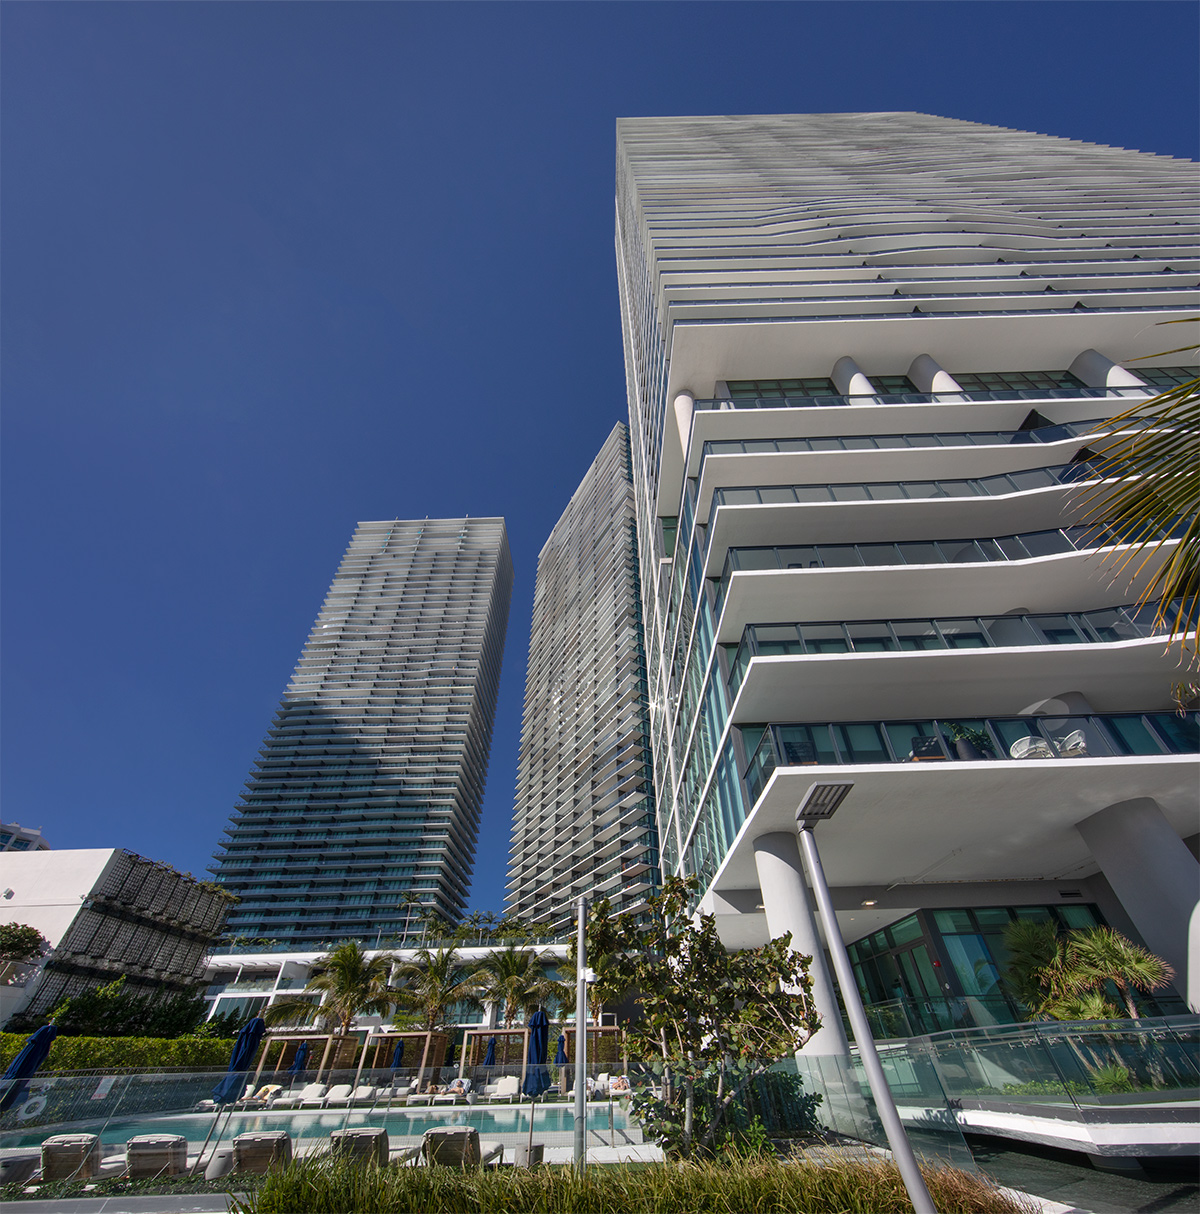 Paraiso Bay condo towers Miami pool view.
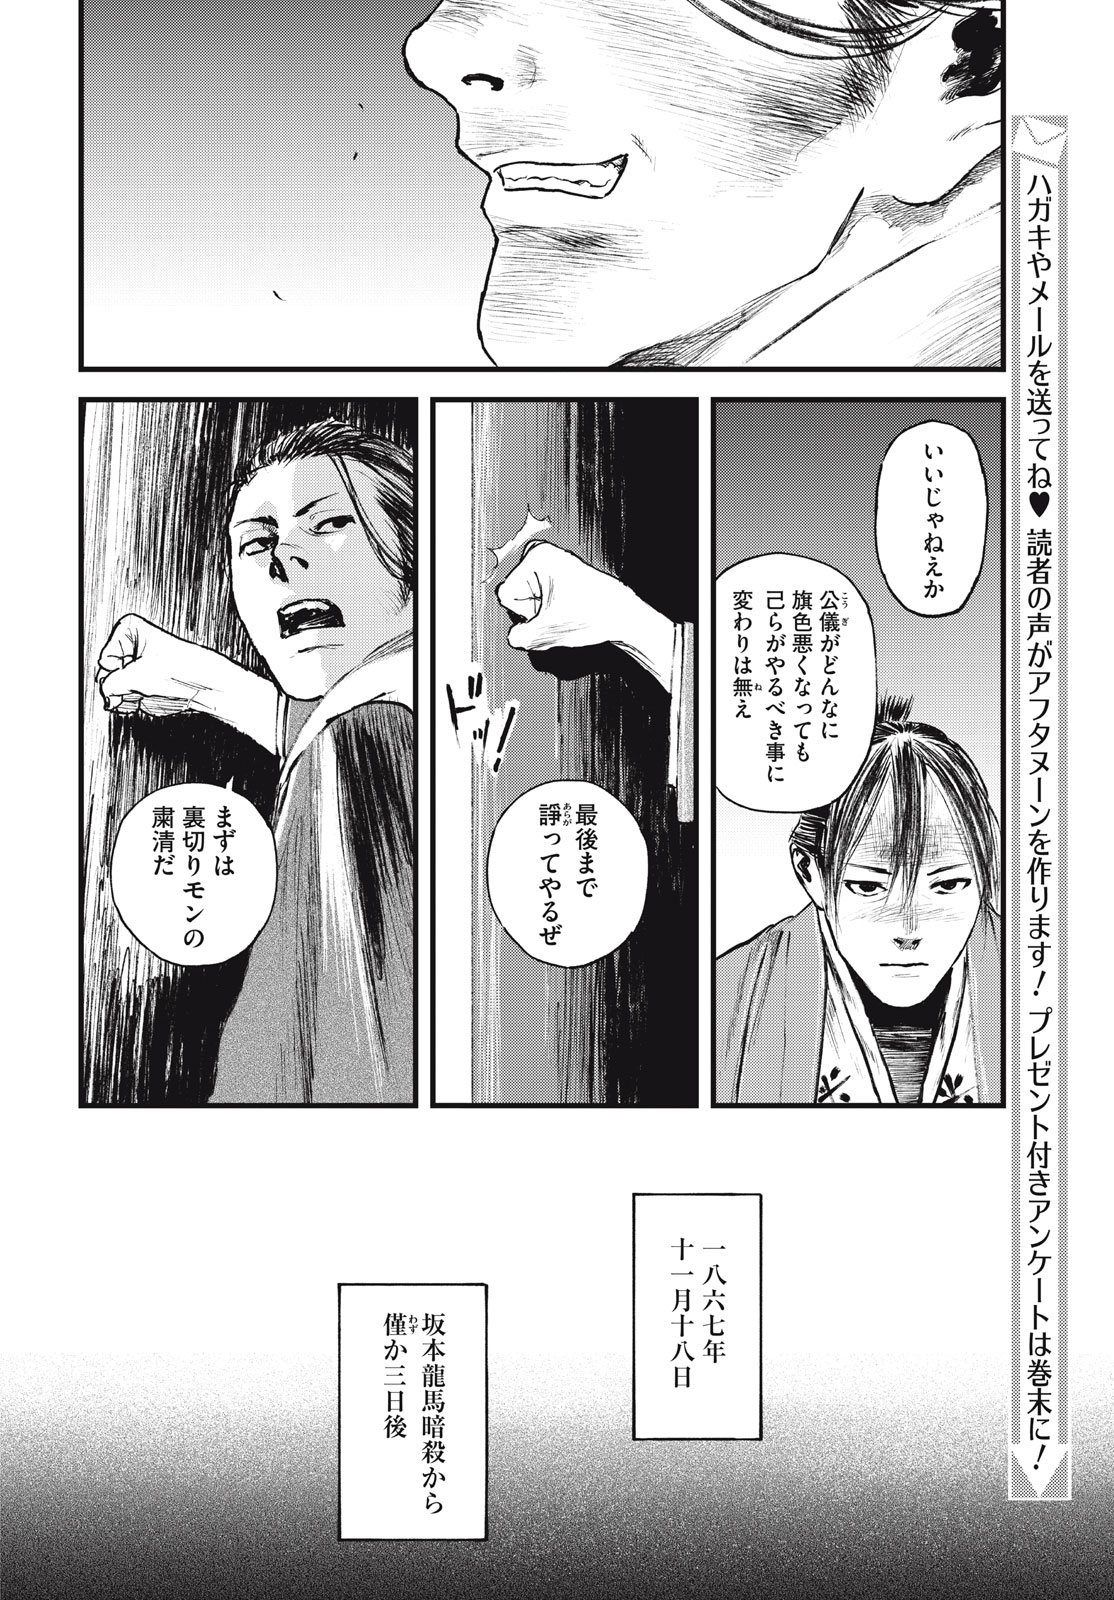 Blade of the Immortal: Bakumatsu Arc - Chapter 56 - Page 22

***

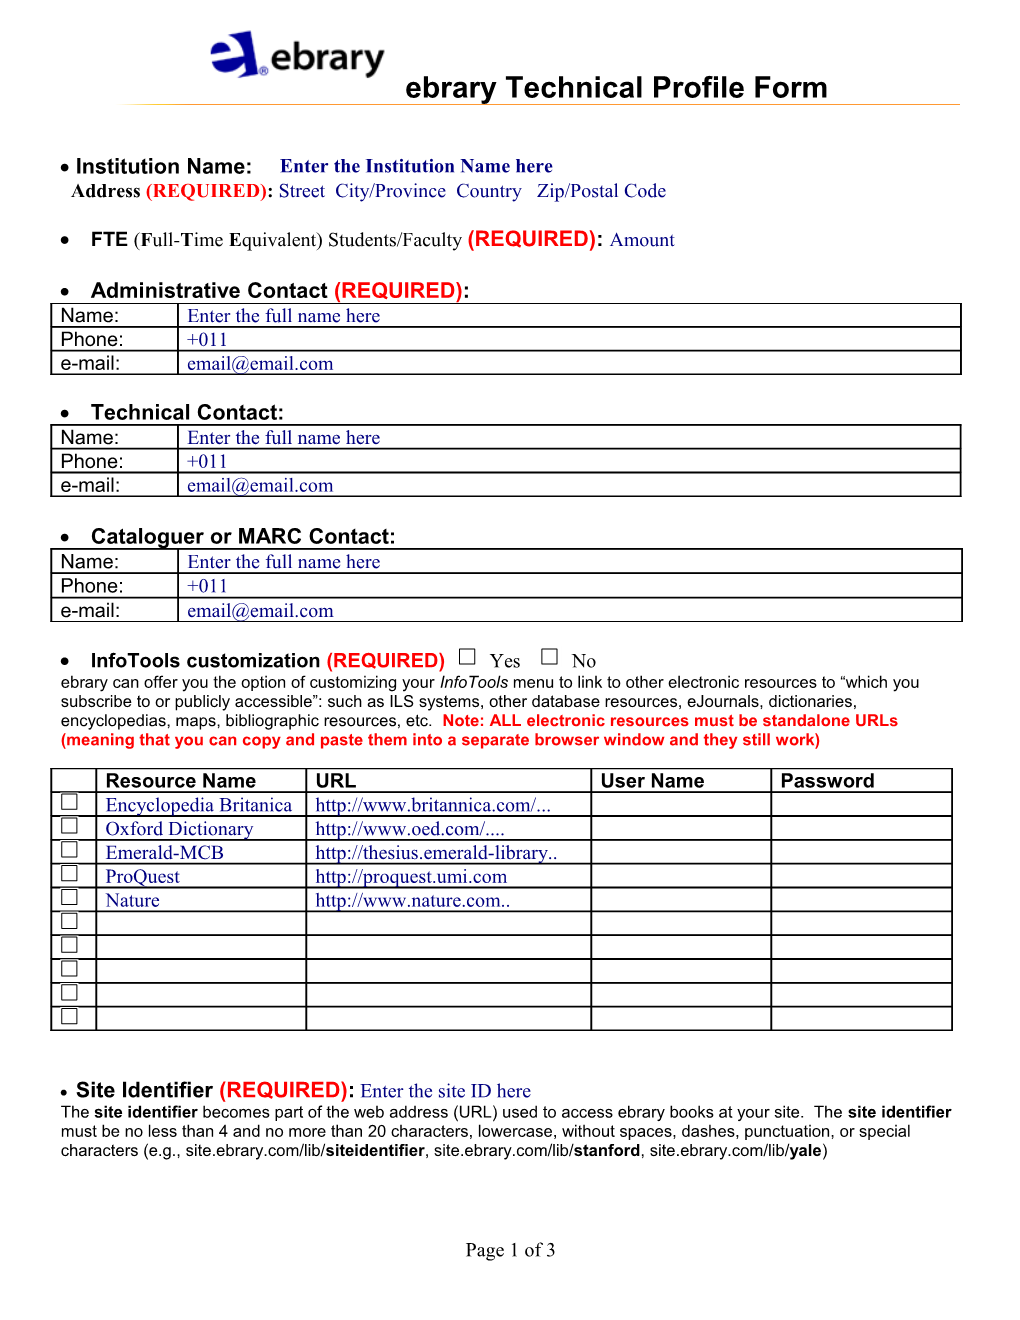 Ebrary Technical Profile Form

***

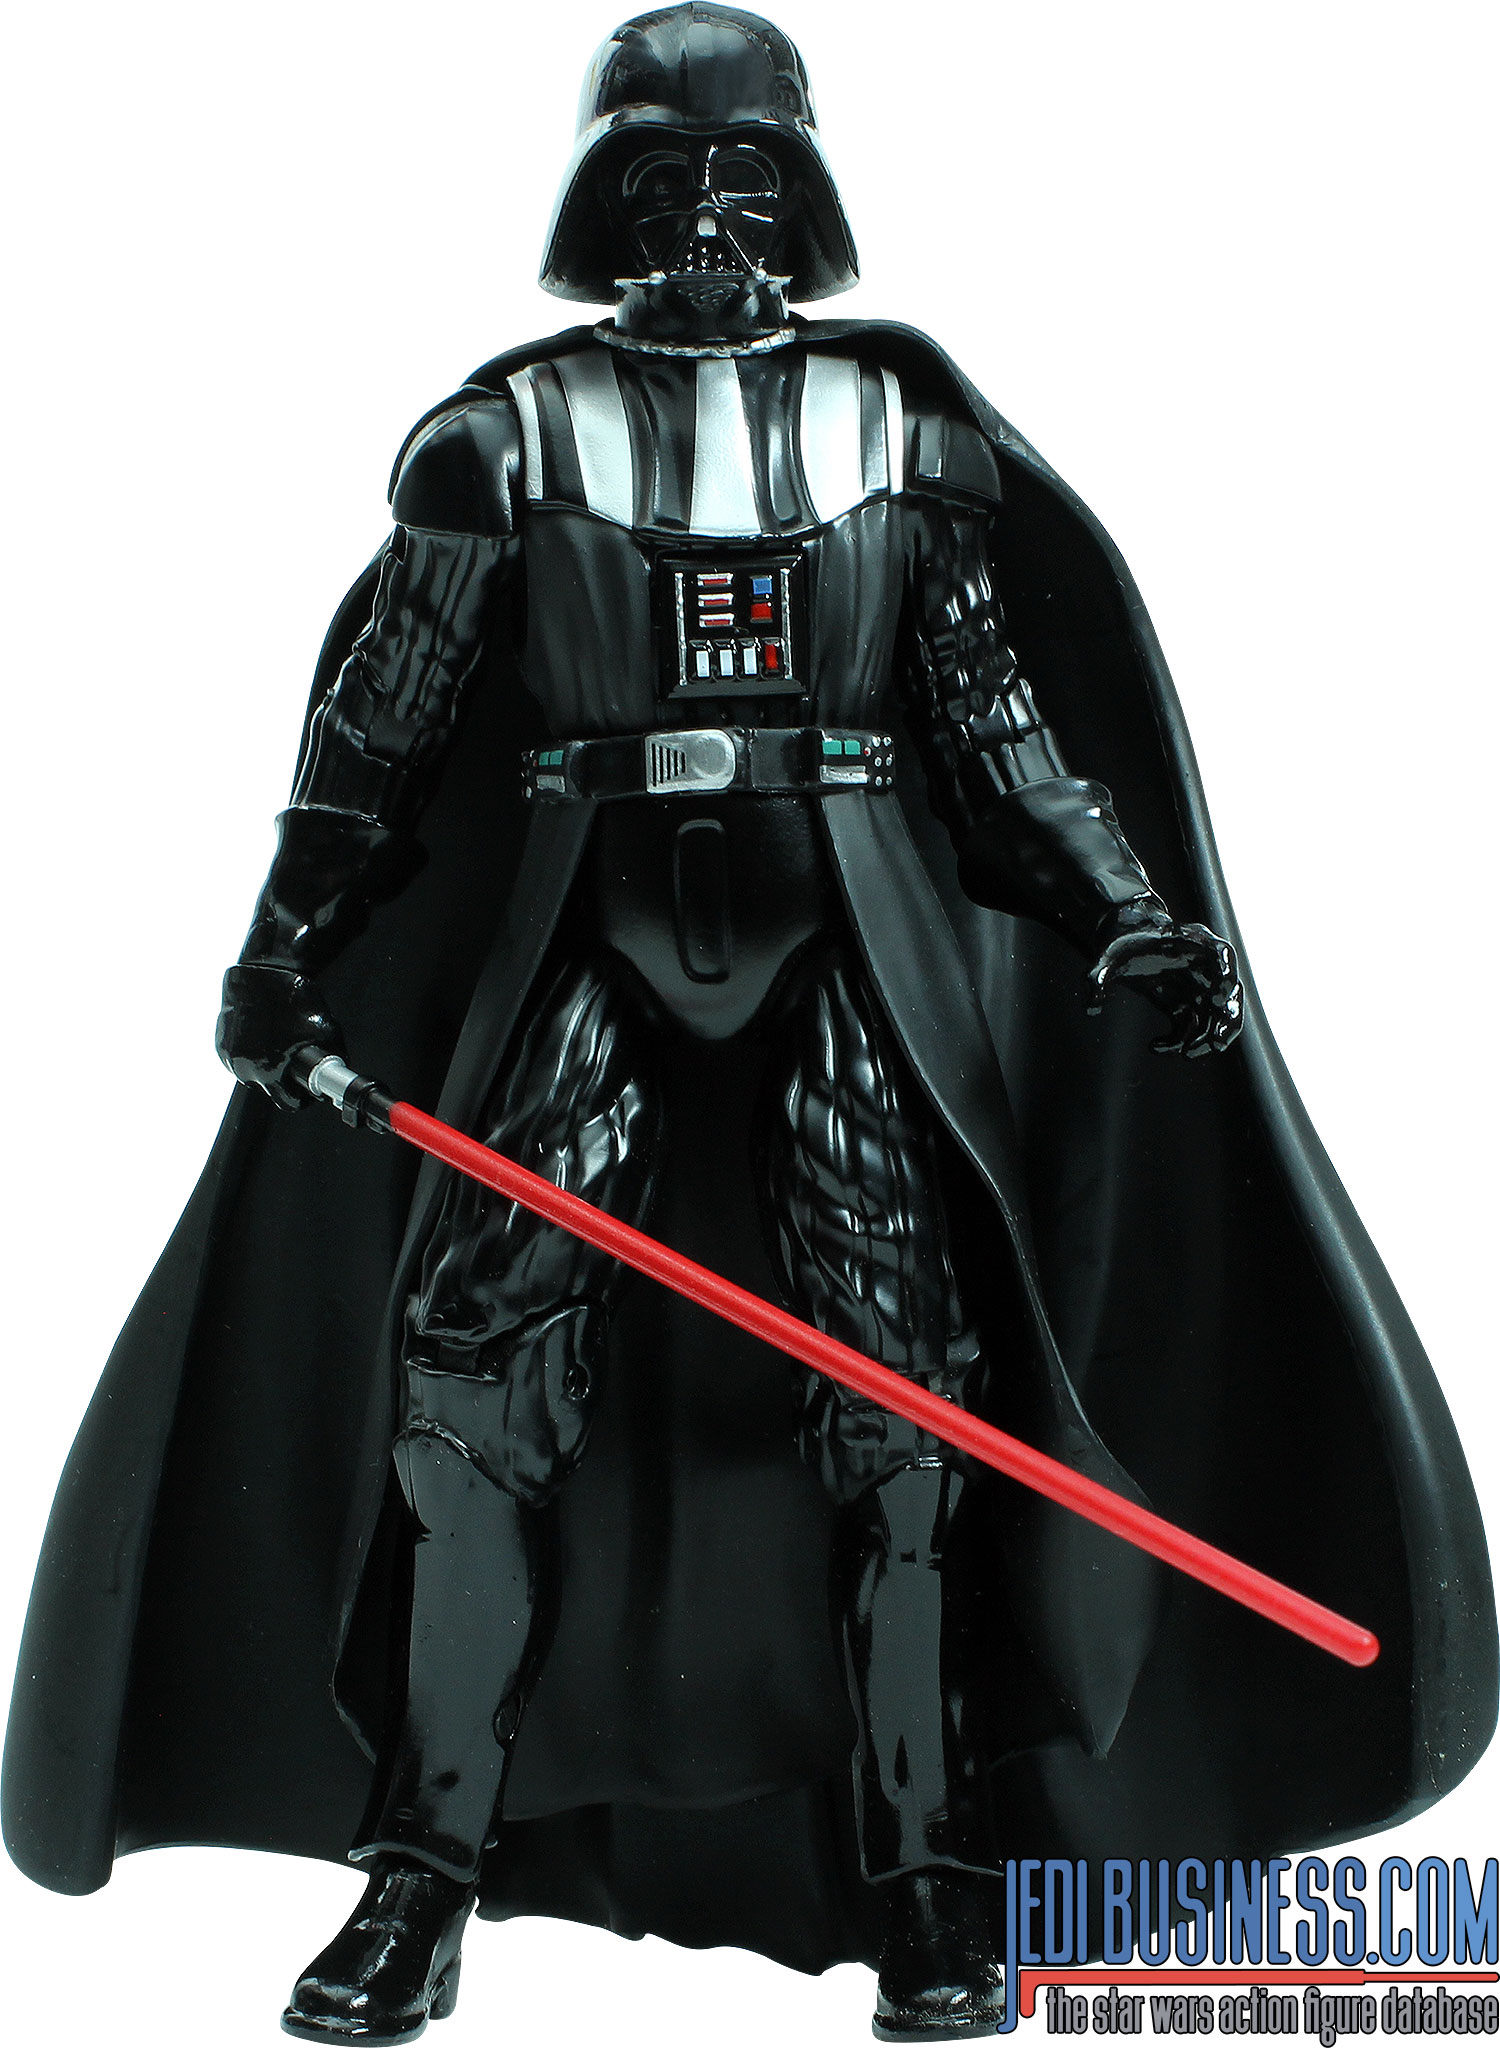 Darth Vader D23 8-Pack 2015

***

No picture is to be printed. Output exactly the lines above from the line containing "Paraiso Bay condo towers Miami pool view." through the line containing "Blade of the".

◆ COMPLETED TASK:
 Paraiso Bay condo towers Miami pool view.
 Blade of the Immortal: Bakumatsu Arc - Chapter 56 - Page 22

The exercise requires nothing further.